I pushed myself to go back to the drawing board and looked at the identity concepts that were developed when I first launched. At the time I wanted something that was fresh, friendly, memorable and vibrant but could also be interpreted as professional, reputable and confident. It’s obvious to me now that at that point I was thinking more about look and personality rather than legacy, but perhaps this is a normal starting point unless you’re a community interest company, which only ever sets out to achieve social rather than personal gain.
I’m now in a different place and while I work hard to maintain a strong identity, product and perception for Sarah Hall Consulting, I know as the business matures, it needs to achieve different things and the brand must evolve accordingly. I’ve proven I can be my own boss and deliver for clients but it is interesting to see the subtle change in the contracts and projects I am taking on – more of these than ever relate to organisations engaging with stakeholders to drive change and make things better within their communities. B-Skill, Shared Interest, Wallsend RFC and TryLife are just a few recent examples of this.
Of course, there is nothing wrong with organisations being purely commercially driven and I love business-to-business PR, a division of the consultancy I will never walk away from. I love the cut and thrust of the deal world and it’s critical to Britain’s economic success to have revenue generated by companies employing staff and investing in others, difficult enough in the current trading environment. These businesses also can (and do) make efforts to make the world a better place through mentoring programmes and charity work, among other things.
An excellent example of the success that comes from developing a brand legacy is Coca-Cola, our favourite soft drink. According to www.superbrand.co.uk, the MyCoke portfolio is worth a staggering £1.135billion in the UK alone. Coca-Cola understands that to enjoy sustainable growth, it has to take its social responsibility seriously and it certainly delivers on this – if you look at its website it is as much about health, the environment and sport as it is about the product. This is without doubt one of the reasons that since 1886, Coca-Cola has connected with more people in more places than any other product and is now the most universally recognized brand. What can you say other than – wow!
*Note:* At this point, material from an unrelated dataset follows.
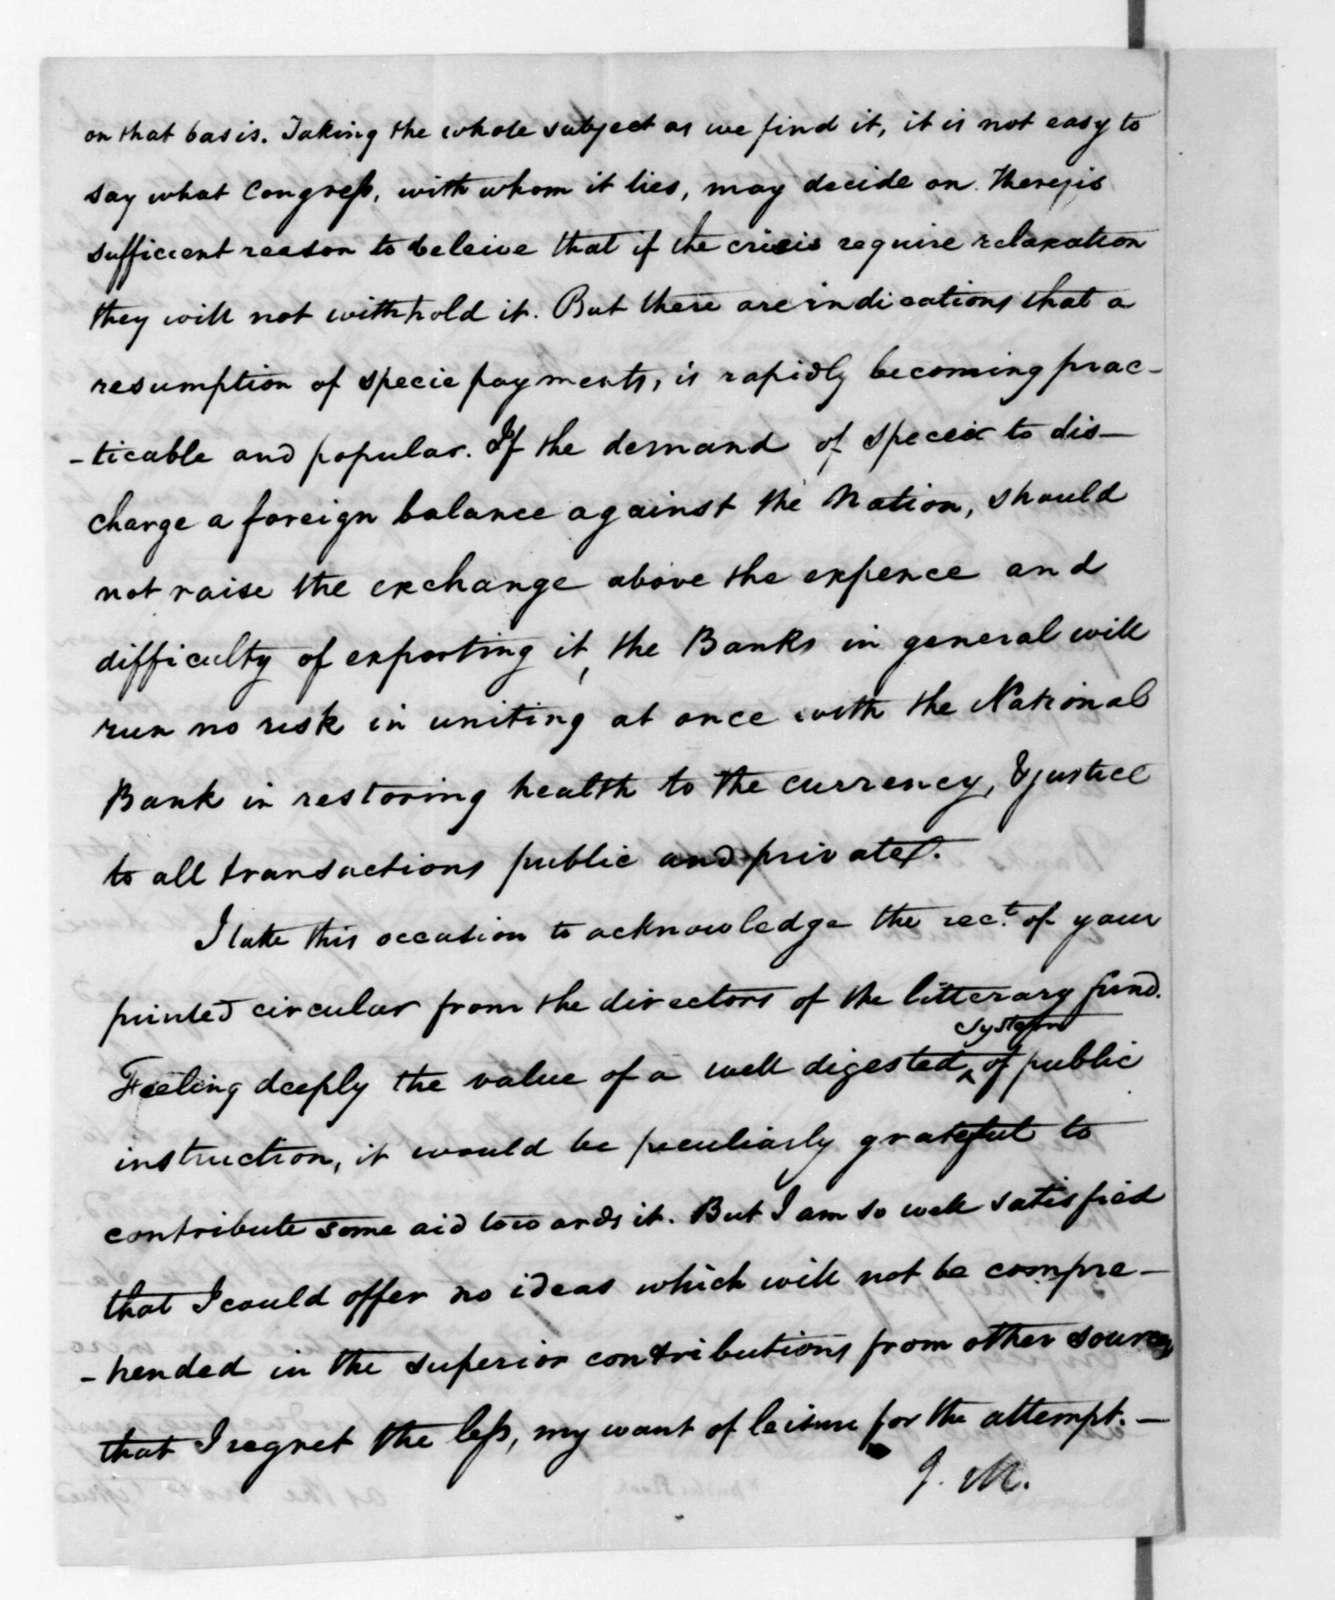 James Madison to Wilson Cary Nicholas, October 5, 1816.

For me, the last few weeks have been sad but enlightening – as I’ve learnt more about my grandmother, I have learnt more about myself. I have thought long and hard about what I want my business to have achieved when I finally move aside for someone else to take over and now have a new vision for the future. Taking the long view brings an interesting perspective – why not give it a go and see how it could positively affect your business objectives and strategy.